For the human mind is capable of being excited without the application of gross and violent stimulants; and he must have a very faint perception of its beauty and dignity who does not know this, and who does not further know, that one being is elevated above another, in proportion as he possesses this capability. It has therefore appeared to me, that to endeavour to produce or enlarge this capability is one of the best services in which, at any period, a Writer can be engaged; but this service, excellent at all times, is especially so at the present day. For a multitude of causes, unknown to former times, are now acting with a combined force to blunt the discriminating powers of the mind, and, unfitting it for all voluntary exertion, to reduce it to a state of almost savage torpor. The most effective of these causes are the great national events which are daily taking place, and the increasing accumulation of men in cities, where the uniformity of their occupations produces a craving for extraordinary incident, which the rapid communication of intelligence hourly gratifies. to this tendency of life and manners the literature and theatrical exhibitions of the country have conformed themselves.
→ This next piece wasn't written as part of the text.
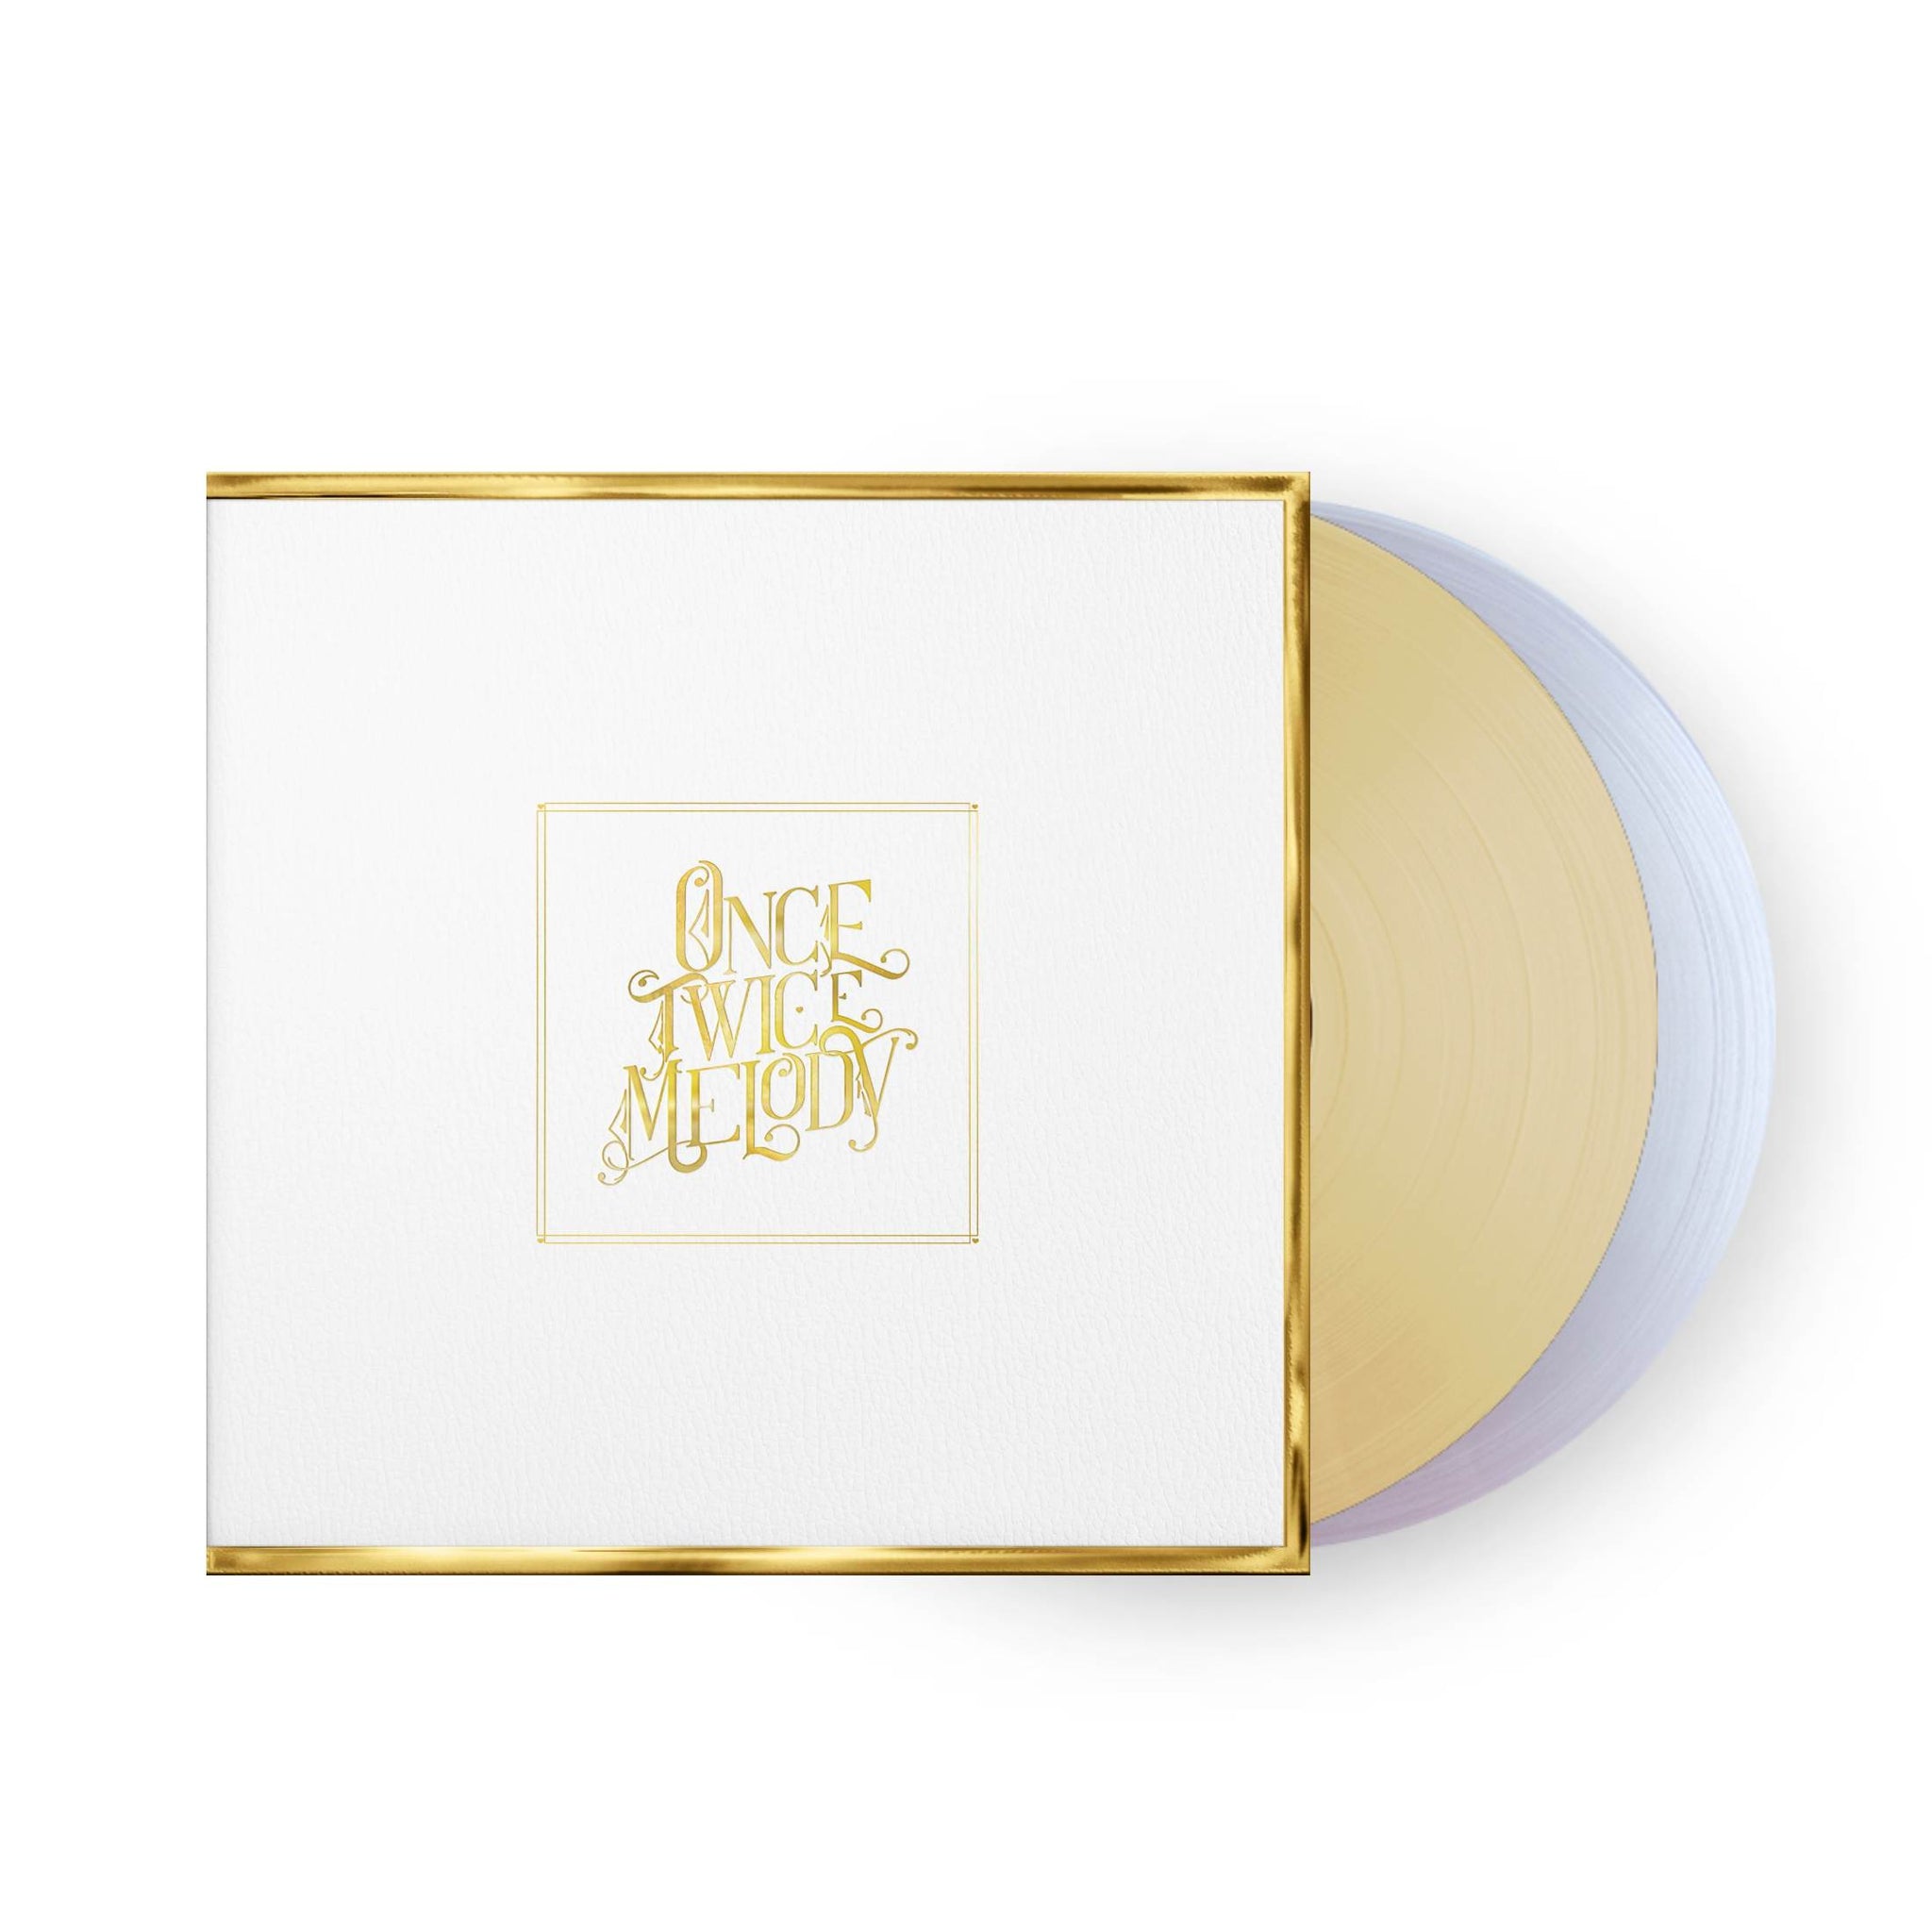 Beach House - Once Twice Melody 2xLP Boxset  (Clear Gold Vinyl)

This remarkable passage comes from Wordsworth's Preface to Lyrical Ballads (2nd. ed., 1800). Here, Wordsworth explains his purposes in writing poems that are so seemingly artless and rustic--poems that eschew the high-minded diction typical of the 18th-century poetic tradition that Wordsworth is writing against just as they eschew the spectacular extremes of an emerging popular press. At this point in the argument, Wordsworth turns his attention to a brief but pointed analysis of his contemporary culture. It sounds surprisingly like our own.
In Wordsworth's view, people are increasingly attracted to what he famously calls "gross and violent stimulants," and consequently they lose touch with the human mind's native "beauty and dignity." His poems are intended to counteract this cultural trend and to restore readers' sensitivity to their inherent "beauty and dignity." If Wordsworth left the argument here, it would certainly define his aesthetic and cultural aims, but it would be otherwise unremarkable. But Wordsworth pushes forward, offering his analysis of the current (that is, current at the turn of the 19th century) cultural moment.
As Wordsworth has it, his historical moment is distinguished by several unprecedented social and cultural forces which combine to "blunt the discriminating power of the mind" and "reduce it to a state of almost savage torpor." He identifies three such forces:
The "great national events which are daily taking place" — It's difficult to know exactly what Wordsworth means by this (and probably there is not a single referent) but given the historical moment it seems likely that he is referring obliquely to the French Revolution and the violence which followed on its heels, including the war between England and France. England, too, was struck with considerable domestic unrest which threatened to become a national insurrection of "the People" against the established aristocratic and ecclesiastical orders. (See the commentary on Charlotte Smith's Emigrants for further discussion.)
The "accumulation of men in cities" — This demographic marker indicates that Wordsworth wrote during an era when England was being transformed from an agrarian to an industrial society. One consequence of this shift of the economic base, in Wordsworth's eyes, was catastrophic because it uprooted people from any sustaining relationship with the natural world, leaving them stuck in mindless industrial jobs and, to relieve their boredom, "craving ... extraordinary incident." In other words, these are the people who have come so unmoored from the native dignity of the human mind that they can only be momentarily thrilled by "gross and violent stimulants" which they seek with an ever-increasing fervency.
The "rapid communication of intelligence" — In other words, the historical moment was also distinguished by an exponential advance in the circulation of print media. Suddenly at the end of the eighteenth century, newspapers and broadsheets could be produced with sufficient speed and at sufficiently low prices to be attractive to a large swath of the English population, and people responded with an increasing demand for news, particularly "news" of the most outrageous and spectacular kind.
All of these cultural, economic, and social forces were having their influence on the literary output of the British press (the "literature and theatrical exhibitions of the country"). It is precisely the "gross and violent [literary] stimulants" that Wordsworth's poems in Lyrical Ballads are implicitly arguing against.
In this sense, Wordsworth's critique of his contemporary culture sounds very much like the critiques one hears about our own historical moment, as pundits from both the Left and Right strike out against violent video games, outrageous TV and radio talk shows, and the psycho-social toll of an increasingly pervasive media--from cell phones to the internet. Much as these cultural critics today bemoan the fact that some older social order, some earlier form of small-townish community, is being demolished by our own seeking after "gross and violent stimulants" that our information technology hourly gratifies, so too did Wordsworth level similar charges against the media-fed culture of spectacle in his own day. The analysis certainly lends a significant cultural and historical backdrop for the better understanding of such poems as Wordsworth's Michael.